Why my feel-good belief in the afterlife is grounded in science

I’ve always been open-minded. The continuation of Spirit; the connection of all things through a Universal energy; the afterlife—they all seem perfectly probable to me. But I grew up in a family that worshipped science and scorned anything “other worldly”, so it’s not a viewpoint I’ve shared much. Until now.

I choose to believe in life after death in part because of the overwhelming and often inexplicable anecdotal evidence, the personal experiences I’ve had since my son died (of which I’ve had plenty), and also because of a very sound, scientifically-proven reason: it’s good for me. 

Here’s the thing: grief changes the brain. Scientific evidence proves that “grief brain” is real, and results in a slew of challenging psychological, emotional, and physical symptoms. (Interestingly, changes in the brain caused by grief are unique, and quite different from changes caused by trauma, depression, or PTSD.) In fact, grief or no grief, our routine thought patterns continually shape and reshape our brains, making our routine thoughts habitual, and creating neural pathways that reinforce those habitual thoughts until they feel like they are part of who we are. Which is never true. We can change our thinking at any time (even if it takes work), without changing who we are.

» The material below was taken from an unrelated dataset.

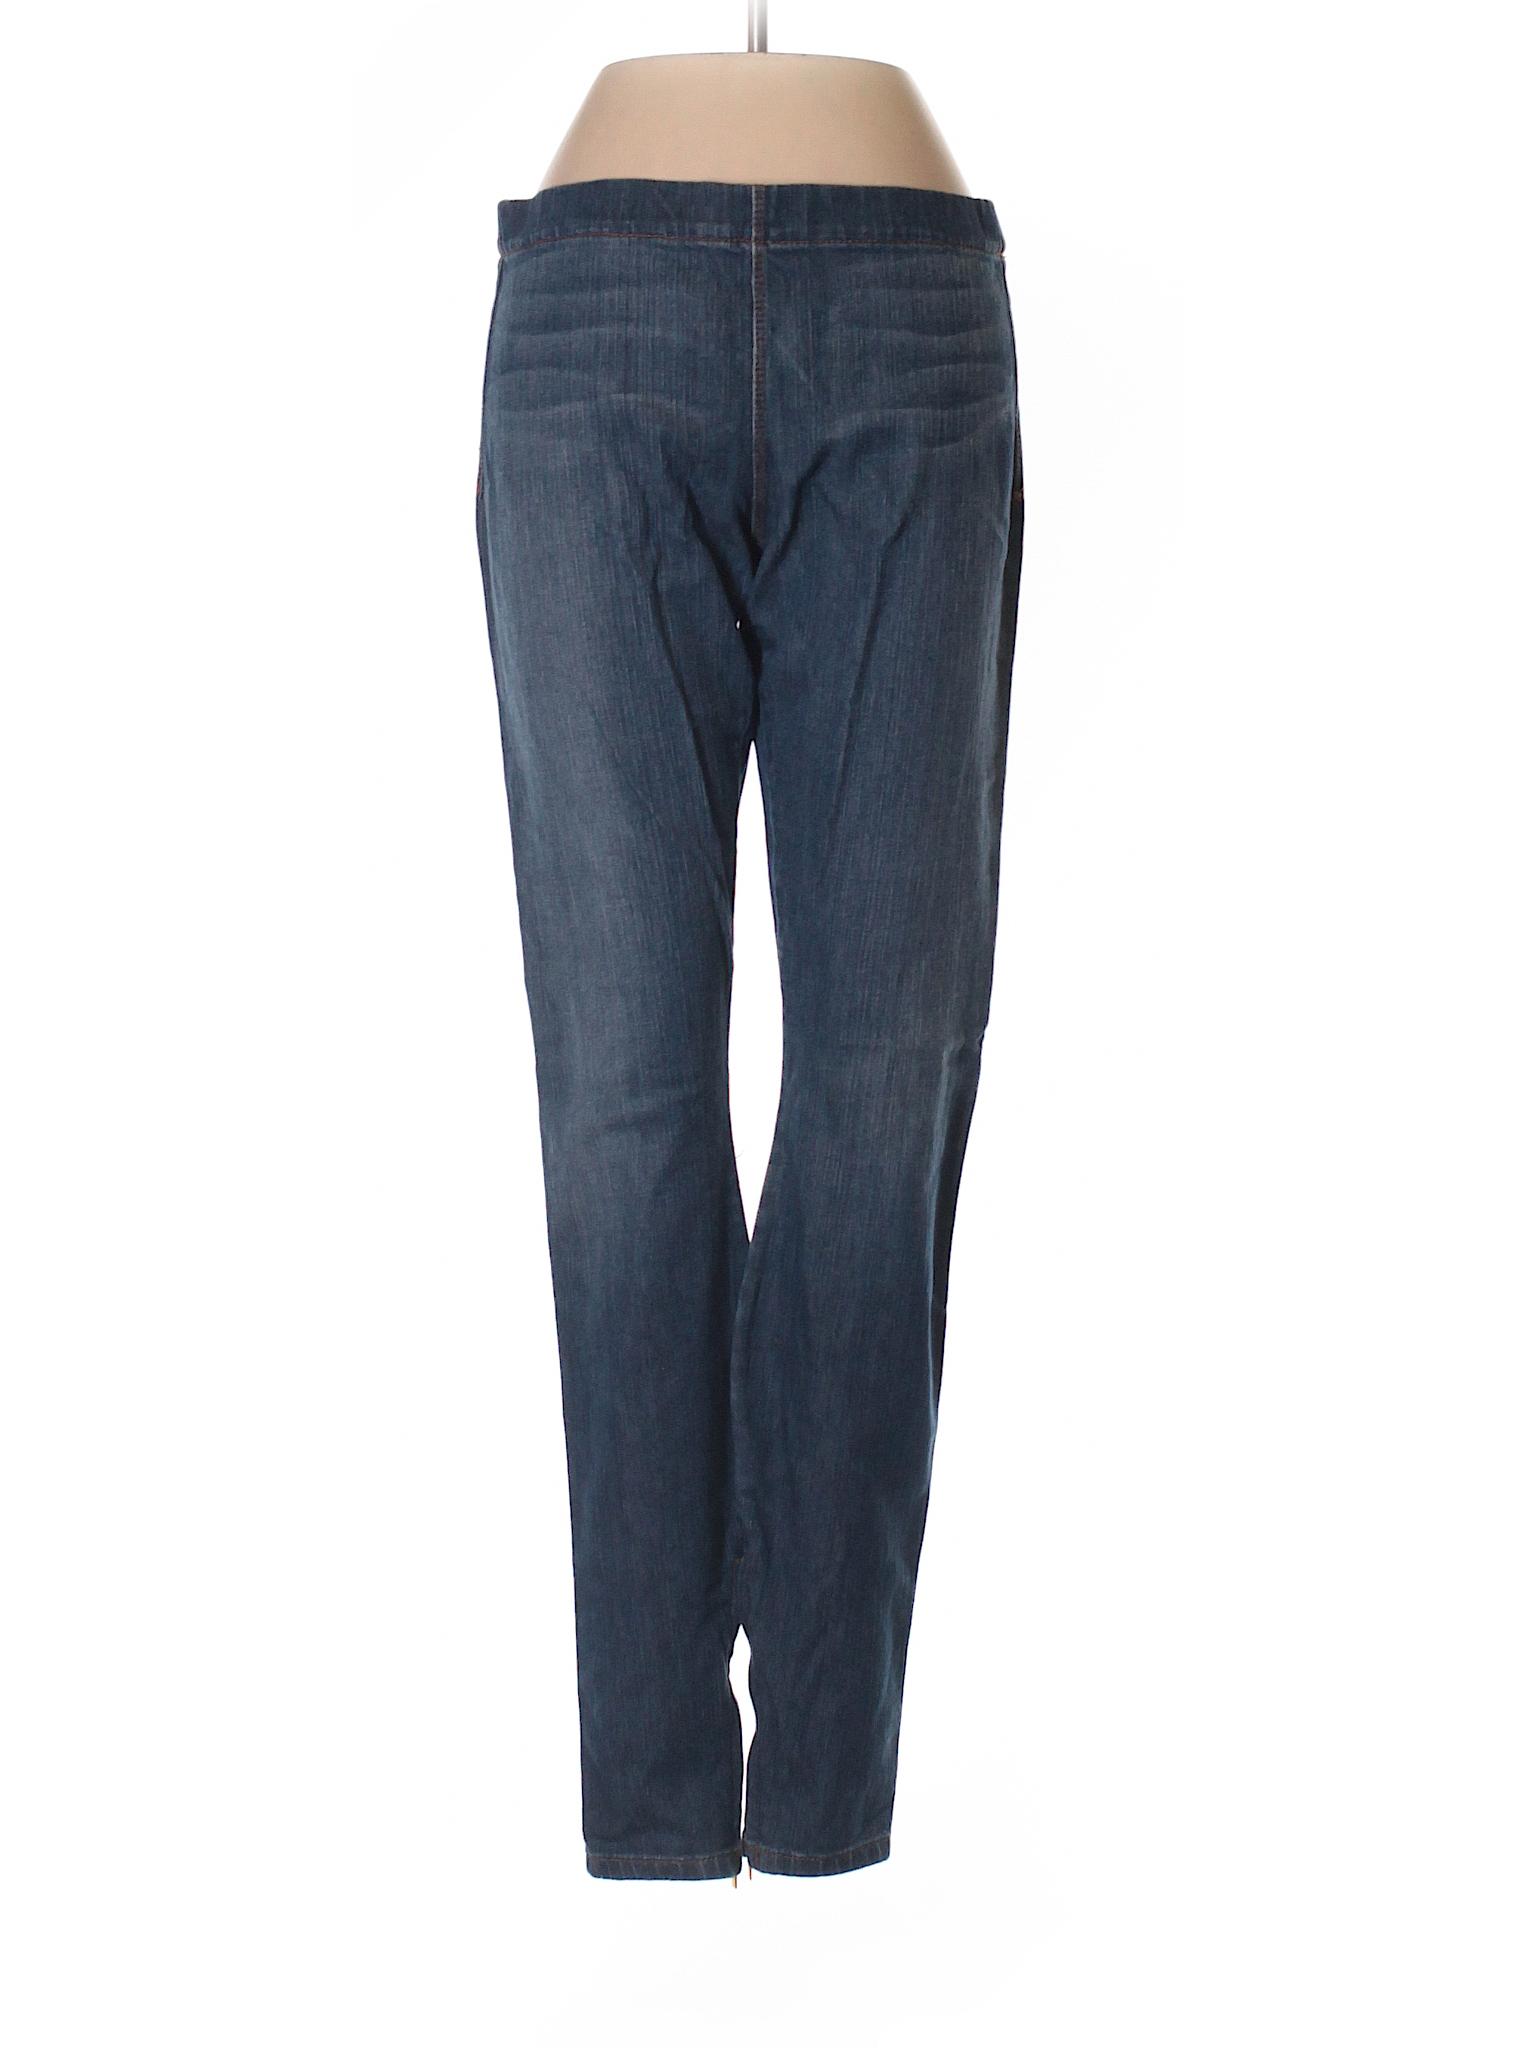 Jeans Promotion Jeans Promotion Joe's Joe's dR6xd
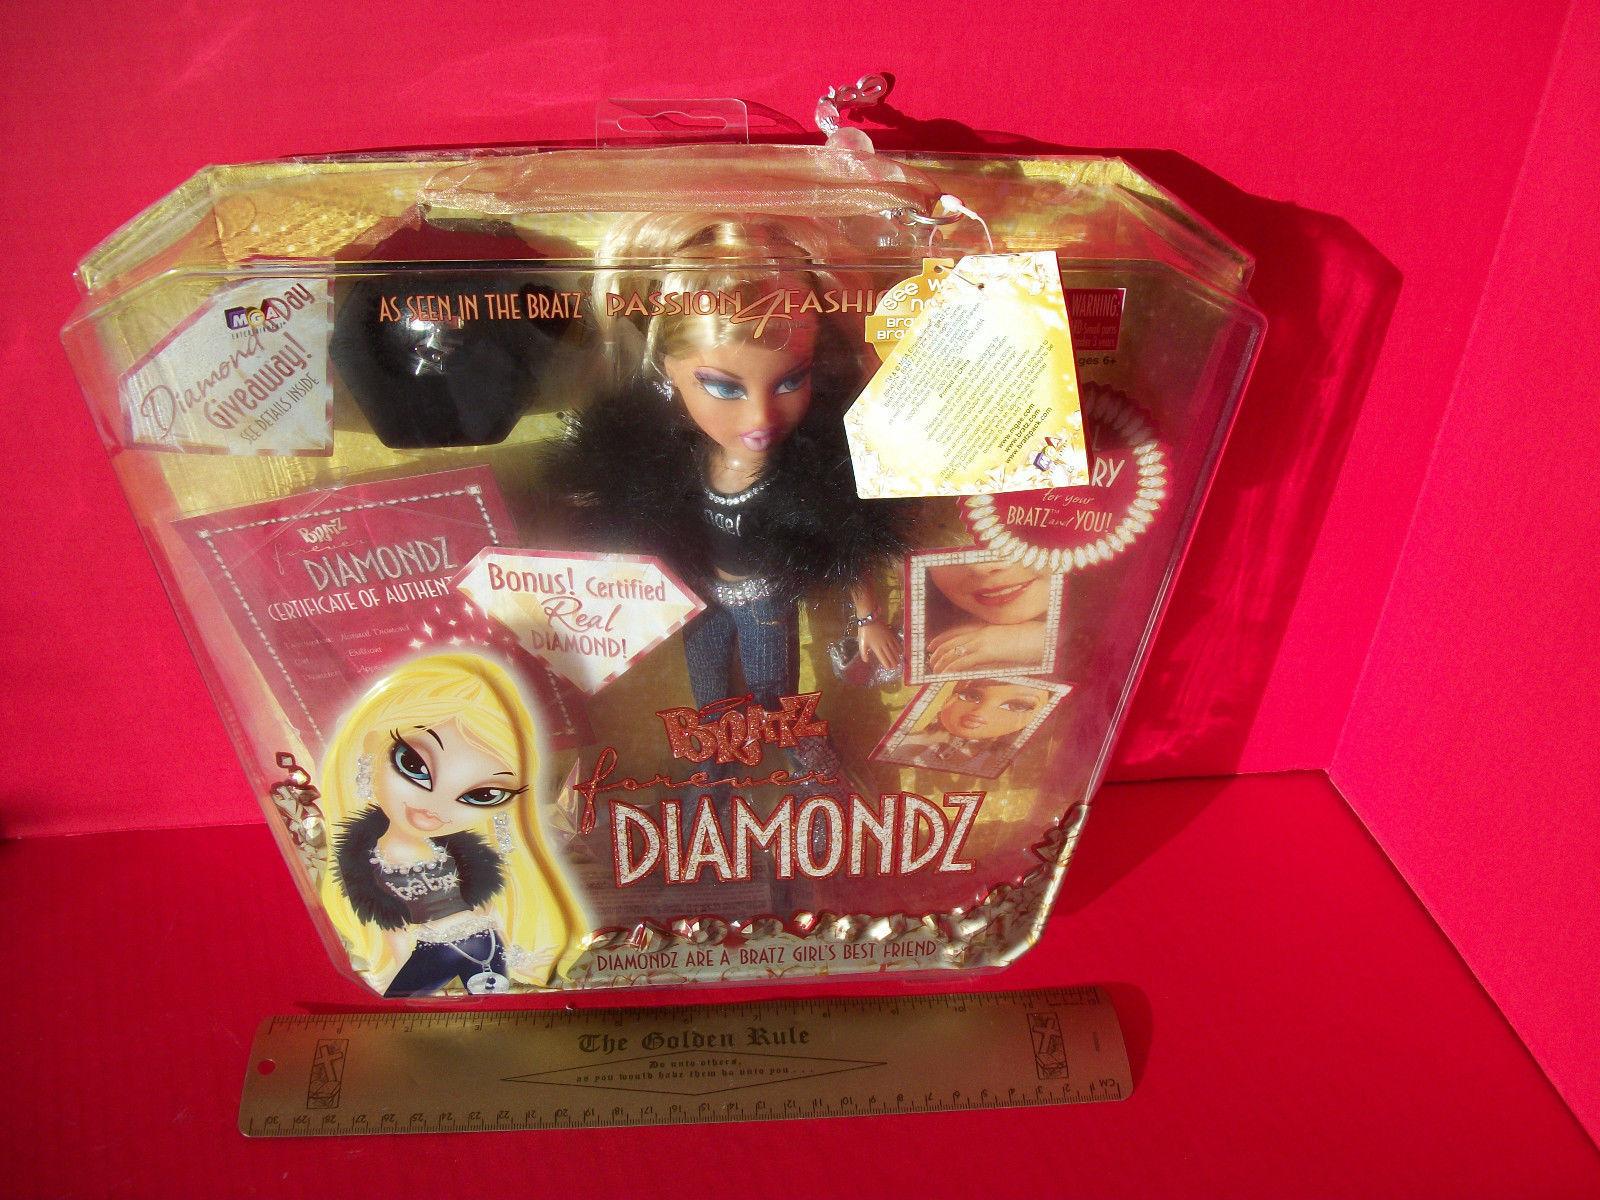 Bratz passion 4 fashion diamondz watch online 86

In early grief, our thoughts are often chaotic and damaging to ourselves, and sometimes others. There is no question about whether or not stress, anxiety, guilt, and other strong negative thoughts and feelings impact both psychological and physical health. Bottom line: Unhealthy thoughts contribute to unhealthy lives and bodies, particularly if we don’t find an outlet for them. Healthy thoughts contribute to healthy lives and bodies, particularly if we share them with others. And, physiologically, “hope” is a very healthy thought and feeling to embrace. Believing in the afterlife gives us hope.

When faced with the death of a significant loved one, people who believe in a loving afterlife tend to recover their emotional wellness more quickly than those who don’t. They’re more likely to develop rituals that keep their loved one close, more likely to express their grief in healthy ways, and more likely to find a new way to be in relationship with their loved one. Believers are less likely to experience depression, substance abuse, or long-term complicated grief disorders after the death of a love one. Quite simply, believing in a loving afterlife is healthy.

I don’t see my belief in the afterlife as going against science—it’s simply going where science has not yet gone. The notion of death and then “nothingness” shows a terrible lack of imagination, in my opinion! Even if we are only here on earth one time, for one split second, and then we’re nothing at all (which I don’t believe), why wouldn’t you want to fill your one life with the wonder of wondering? Why wouldn’t you try to make it the best life possible, the healthiest life possible, the most open-minded and curious life?

Many of us have had extraordinary experiences that suggest our loved ones are still with us. While some lucky few may have the psychic abilities needed to quell any doubt, most of us rely on our intuition and belief. And, for me, those can feel a bit nebulous at times. I recently had a conversation with medium, Dr. Lenore Matthew, where we discussed how to recognize signs from our loved ones who’ve passed. In the end, it’s really about seeing and experiencing things that make us think of our loved one and feel their presence. Did our loved one’s spirit really put that coin in our path, or look at us from the eyes of a blue jay? Does our loved one live on in the morning dew drops, spring flowers, warm summer breezes, or the northern lights? And does it really matter? We can’t know for sure until after we cross that bridge ourselves, but when we feel our loved one’s presence, for whatever reason, we have a connection with their spirit, with the Universal energy that lives in all things, and with ourselves. And that is undisputedly healthy.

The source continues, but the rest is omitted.